Deputy Leader of the South Australian Liberal Party
- In office 24 July 1975 – 12 January 1990
- Leader: David Tonkin John Olsen
- Preceded by: John Coumbe
- Succeeded by: Stephen Baker

Minister of Mines and Energy, Services and Supply
- In office 18 September 1979 – 10 November 1982

Member of the South Australian Parliament for Kavel
- In office 30 May 1970 – 8 Apr 1992
- Preceded by: New District
- Succeeded by: John Olsen

Personal details
- Born: Eric Roger Goldsworthy 17 July 1929 Lameroo, South Australia, Australia
- Died: 1 July 2025 (aged 95)
- Party: Liberal and Country League Liberal Party
- Spouse: Lynette nee Chapman
- Relations: brother in law of Grant Chapman
- Children: Mark Goldsworthy
- Parent(s): Ottho Eric Goldsworthy and Lillie May nee Nicholls
- Alma mater: University of Adelaide
- Profession: farmer, secondary teacher, member of parliament

= Roger Goldsworthy (politician) =

Australian politician (1929–2025)

Eric Roger Goldsworthy (17 July 1929 – 1 July 2025) was an Australian politician and 3rd Deputy Premier of South Australia from 1979 to 1982. Goldsworthy represented the House of Assembly seat of Kavel for the Liberal and Country League and Liberal Party from 1970 to 1992.

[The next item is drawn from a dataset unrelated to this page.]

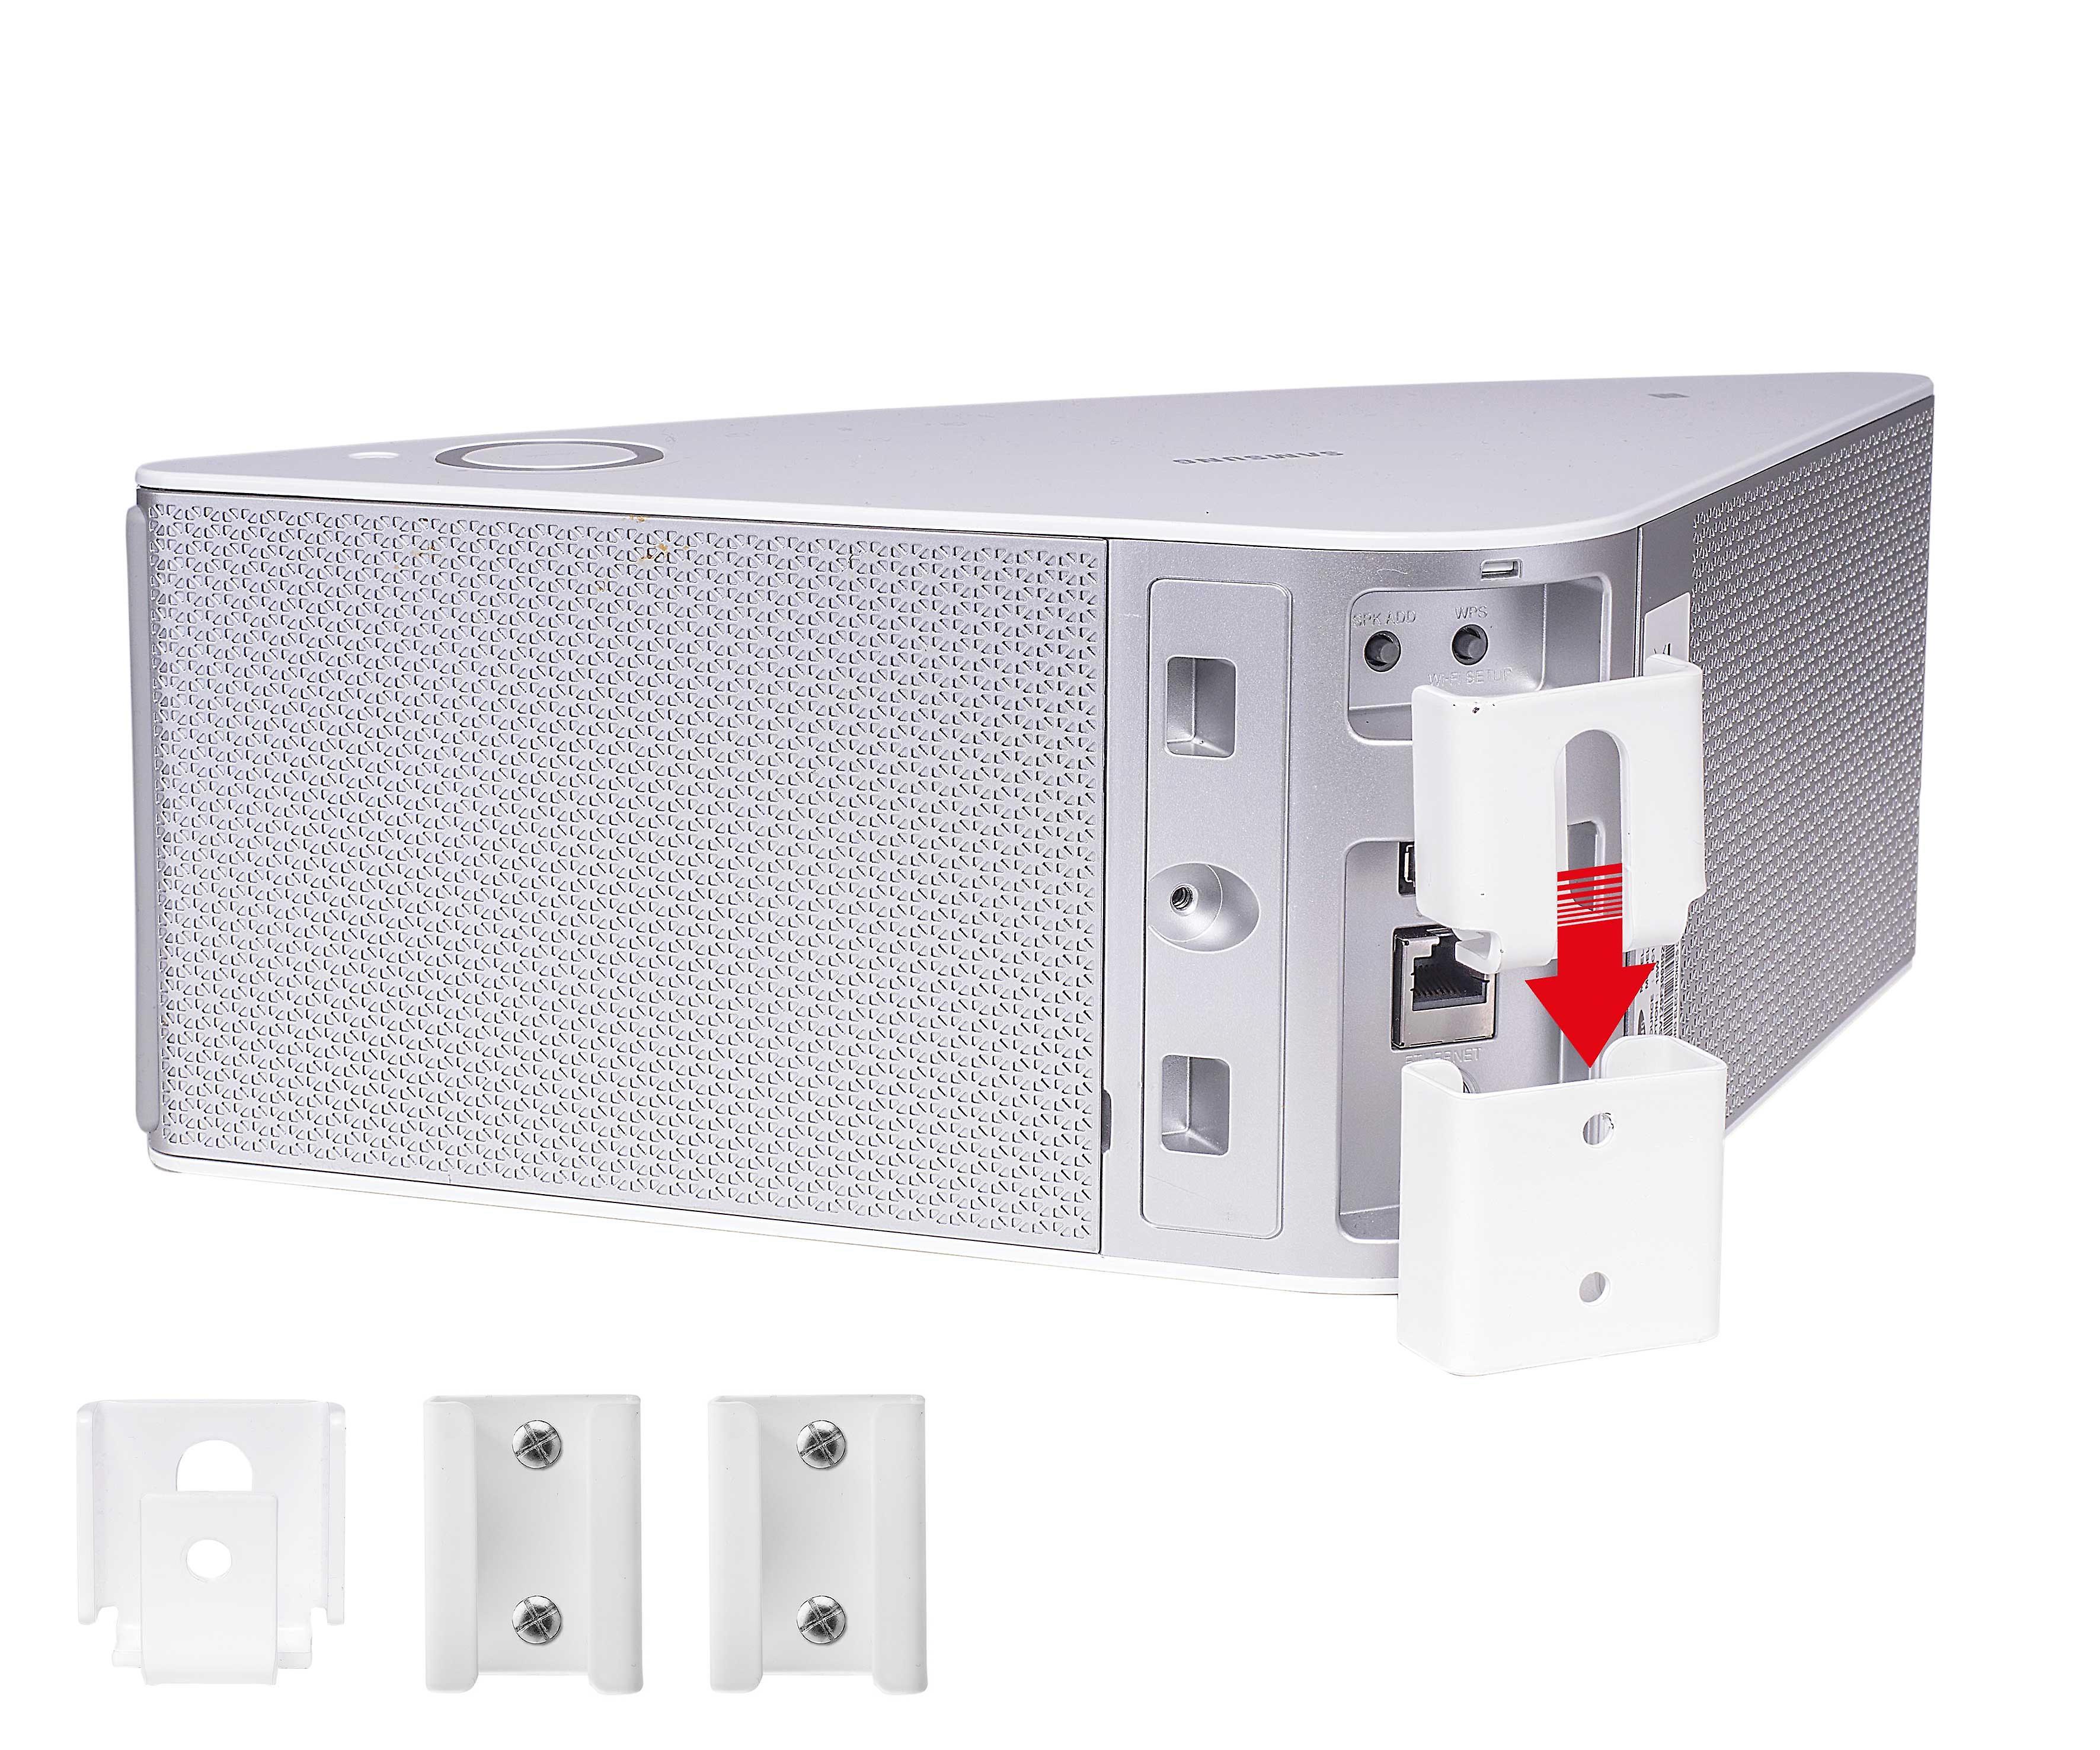 Vebos portable wall mount Samsung M3 WAM351 white

==Education and early years==
Goldsworthy had a Bachelor of Science degree from the University of Adelaide (Physics, Chemistry, Maths, Geology) and a Diploma in teaching.

Before entering Parliament Goldsworthy was a farmer and teacher. He was also a member of University of Adelaide Council from 1970 until 1973.

==Political career==
Goldsworthy became deputy leader of the SA Liberals and hence Deputy Leader of the Opposition, in 1975 when David Tonkin successfully challenged Bruce Eastick's leadership. As such, he became Deputy Premier when the Liberals won the 1979 state election, also serving as Minister of Mines and Energy, Services and Supply. He remained deputy leader when the Liberals went back into opposition in 1982 under John Olsen and held the deputy's post until returning to the backbench in 1989.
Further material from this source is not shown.